集合論は,数学と超数学の間での視点の移動を繰り返しながら議論を進める,という旧来の数学ではほとんど例のない思考の様式を修得してゆくことになり,その研究の対象も,相対的独立性,無矛盾性の強さ (consistency strength)など,理解する上で超数学の視点が不可欠な概念に関連するものに,焦点が向けられるようになってくる.
現代では [Kunen 1980] や,[Jech 2001/2006] をはじめとしてスタンダードな集合論の教科書が整備されているので,数学者にとって,必要なら現代的な集合論は独習が容易であろう,と思われがちであるが,数理論理学と数学の融合という旧来の数学では見られない集合論の立ち位置のため,実際には,これはきわめて難しいことのようである.
日本で山のように出版されている微積の教科書に目を通してみると,現代の数学者の中にも,εδ-論法の理解がかなり怪しい人も含まれていたりすること
が見えてくるが,このことも,前節の最後で述べたような集合論的数学での状況との類似が感じられる.

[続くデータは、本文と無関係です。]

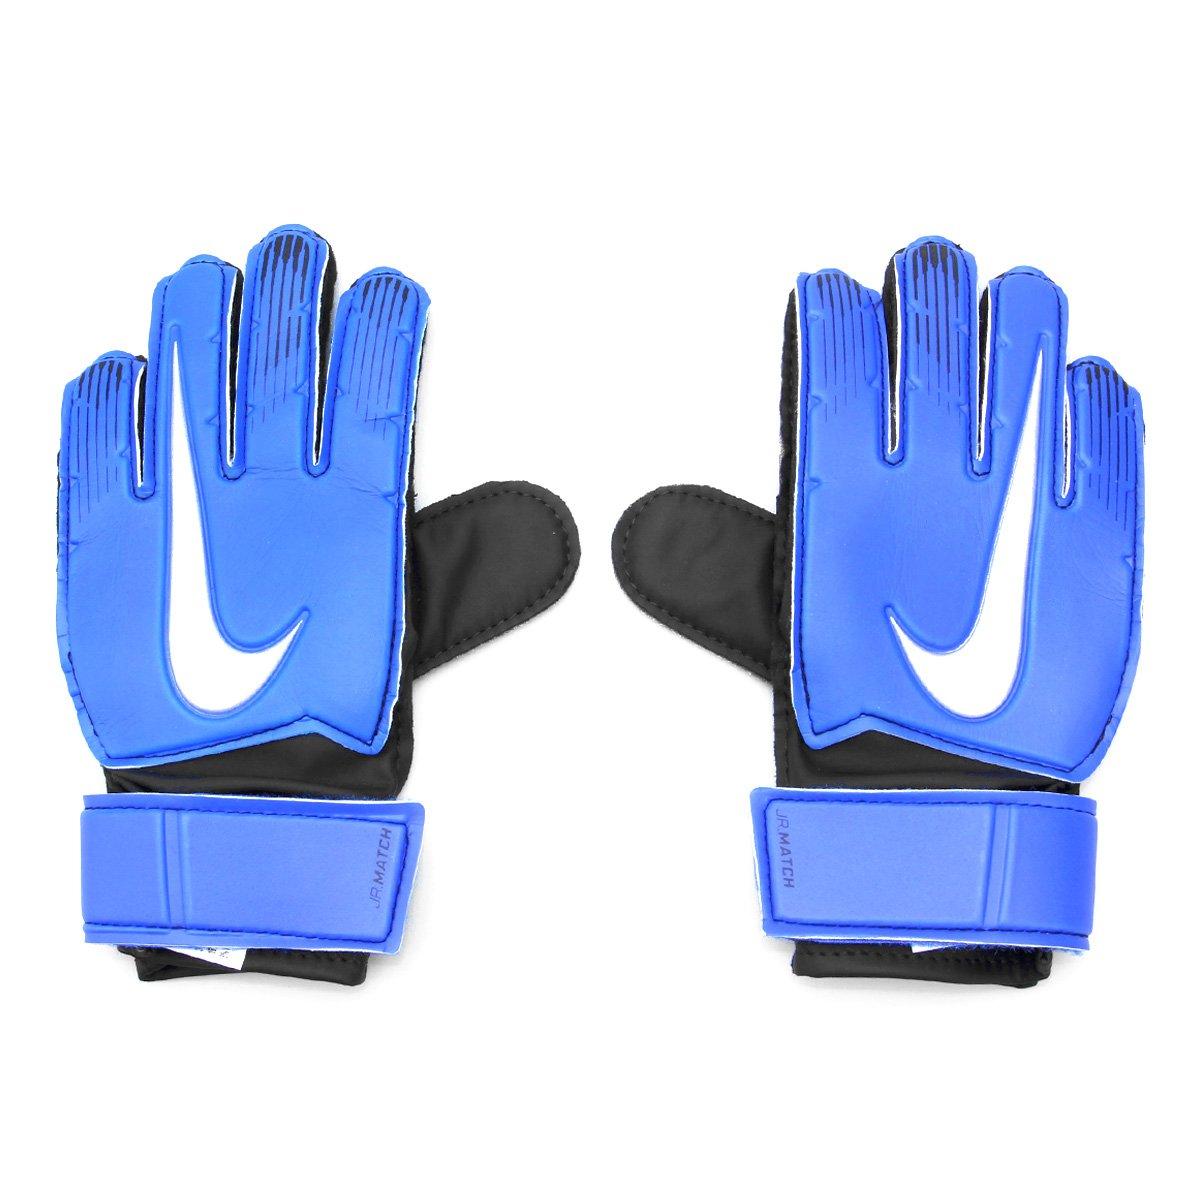 4d126766b Luva de Goleiro Infantil Nike Match - Azul e Preto

第1節の初めの方でも既に注意したようにカントルの集合論研究の結果は,「集合論のパラドックス」として知られている見かけ上の矛盾と抵触せず,公理的集合論の枠組みの中に厳密に再現することができるのだが,同じように,ライプニッツの無限小の扱いも,non-standard analysis の枠組みで ε-δ 論法に翻案するよりずっと直訳的に厳密な再構成ができることから,(少なくとも明かな) 矛盾は含まない議論となっていたことが (20 世紀の中葉になって) 確かめられている.
歴史的な発展を経て最終的な公理系として定式化された集合論の公理系を論じるとき,公理をどの体系でどう書き下すか (といってもたとえば ZF や ZFC は無限個の公理を持つので,実際に全部を書き下すことはできないわけなのだが*12)という問題のみに着目されることが多いように思える.しかし,ここで,より重要なのは,この集合論の公理化によって,公理系 (ZFC にしろ,NBGC にしろ) が,“完全な” 推論の体系を持つ形式論理 (一階の述語論理) の上に構築されたことであろう.したがって,この定式化とともに,集合論 (あるいは言葉を変えれば,全数学) で証明できる定理とは何なのかが,はじめて厳密に規定されたことになる.